I was speaking with a friend about a recent executive move within her business. Describing the new Retail Director, she explained, “He must be the luckiest guy alive.” Apparently, his predecessor’s final months had seen the worst of the year’s weather, but the minute the new guy took over, out came the sun and out came the shoppers. In his first month, his team set a new sales record for the company, and he was already being quietly lauded as the best thing to happen to the business in years.

“Surely,” I said, “people can see that it’s just the weather, can’t they?”

“On one level, yes.” She replied, “But I think people want to believe in the new guy. Why wouldn’t they?”

As many a disgruntled shareholder has often pointed out, Boards tend to loudly applaud and richly reward the individual CEO when stock prices rise, only to blame extraneous events when they fall back down again. We want to believe in the power and influence of the individual leaders, even when the evidence suggests it might not be that clear-cut. And it’s a bias that unfortunately prevents us from making whole raft of easy but significant improvements in performance.

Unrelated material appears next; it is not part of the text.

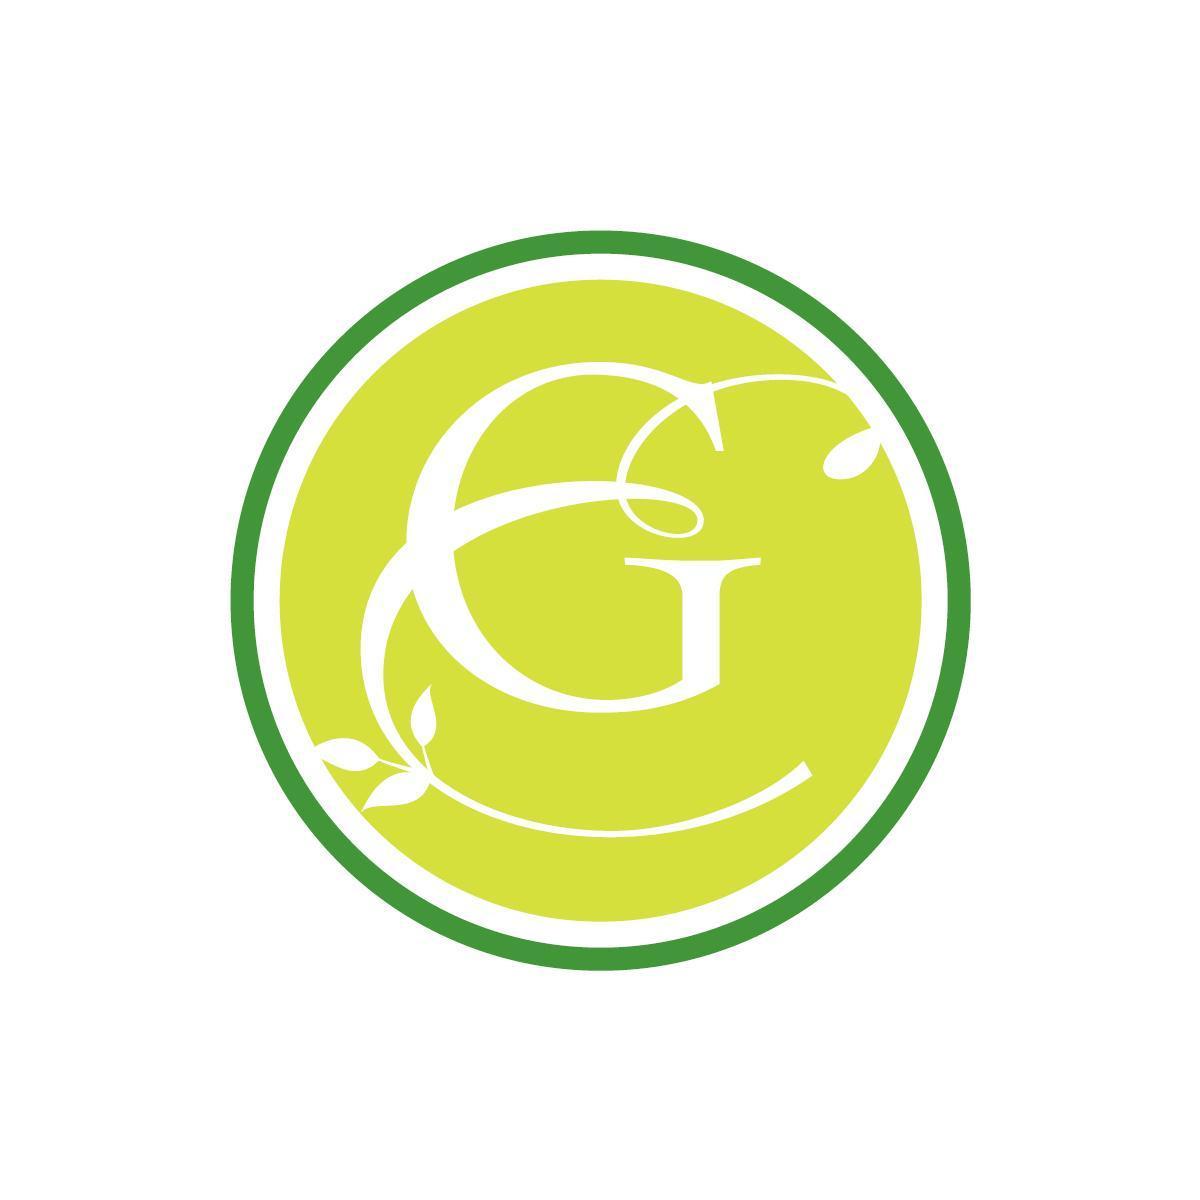 Alliance of Downtown Glen Ellyn

Most organisations know who their best performers are, but very few actually understand why – what is it that makes the difference between the best and the rest? The more we understand what really drives performance, the more we can replicate it. But in my experience, this is probably the single biggest hot-spot of flawed assumptions and personal biases in most businesses.

Many years ago, when I worked in the pub industry, the conventional wisdom was that the pub manager or landlord, was the single biggest factor that could make or break a pub. Put a bad manager in a good pub and s/he would kill it in weeks; conversely put a great manager in a struggling one, and they’d turn it around just as quickly. But, while the former may be true, it turns out that the latter generally isn’t. In fact, the analysis of over 2000 pubs over a three-year period, showed there were actually seven critical factors, each of which played a significant role in turning around performance.

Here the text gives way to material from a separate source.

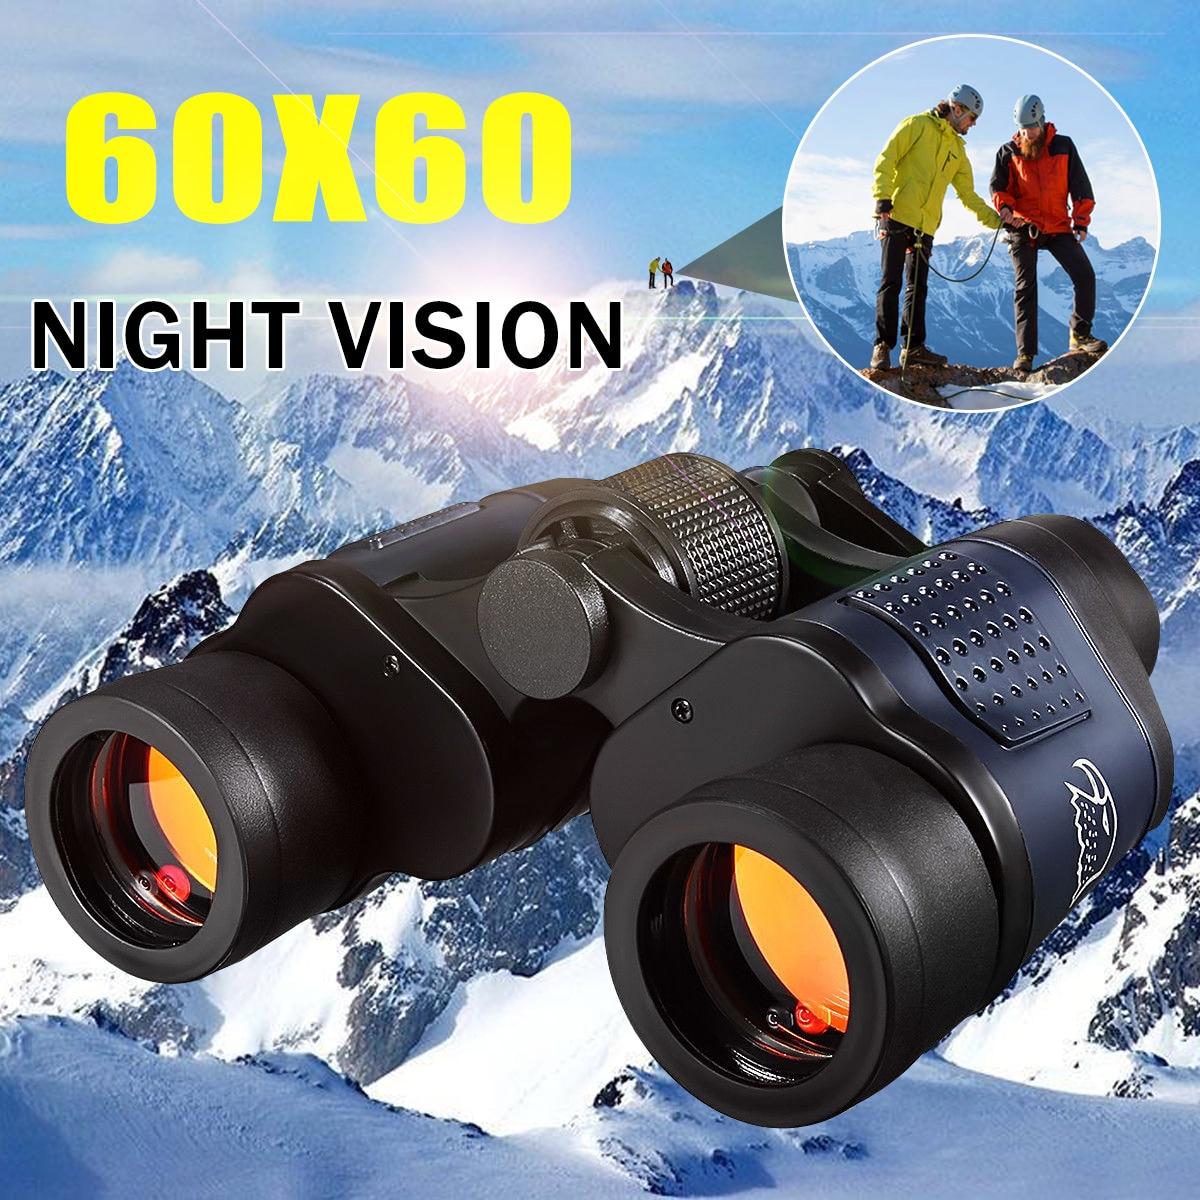 Visión Nocturna 60x60 3000 m alta definición al aire libre caza binoculares telescopio HD resistente al agua para caza al aire libre

A few years later, I encountered a similar situation with a client in the Social Care sector. Everyone knew that the quality of a Care Home was entirely dependent of the quality of its manager. And so, when my client acquired a struggling chain of homes, the CEO decided that some of the best managers should be moved over to help turn around the newly acquired homes, despite the “obvious concerns” of the regional teams that their existing homes would suffer as a result.

As it turned out, the existing homes did just fine, but many of the managers who were moved had a far more difficult time: they struggled to turn the acquired homes around, and many lost confidence as a result. But not all of them struggled – some succeeded remarkably well, and once again, it turned out that there were multiple factors, of which manager quality was just one, that would define if a turnaround would succeed.

So, here’s my question to you. The next time you look at a breakdown of relative performance in your business – whether that’s in the sales team, the customer service department, between different divisions, regions or countries, how confident are you that you genuinely understand what’s driving those differences? How forensic are your people in objectively looking at the data and the evidence, and getting past the personality biases, before forming conclusions about what really produces your best performances, and what the rest could learn from them?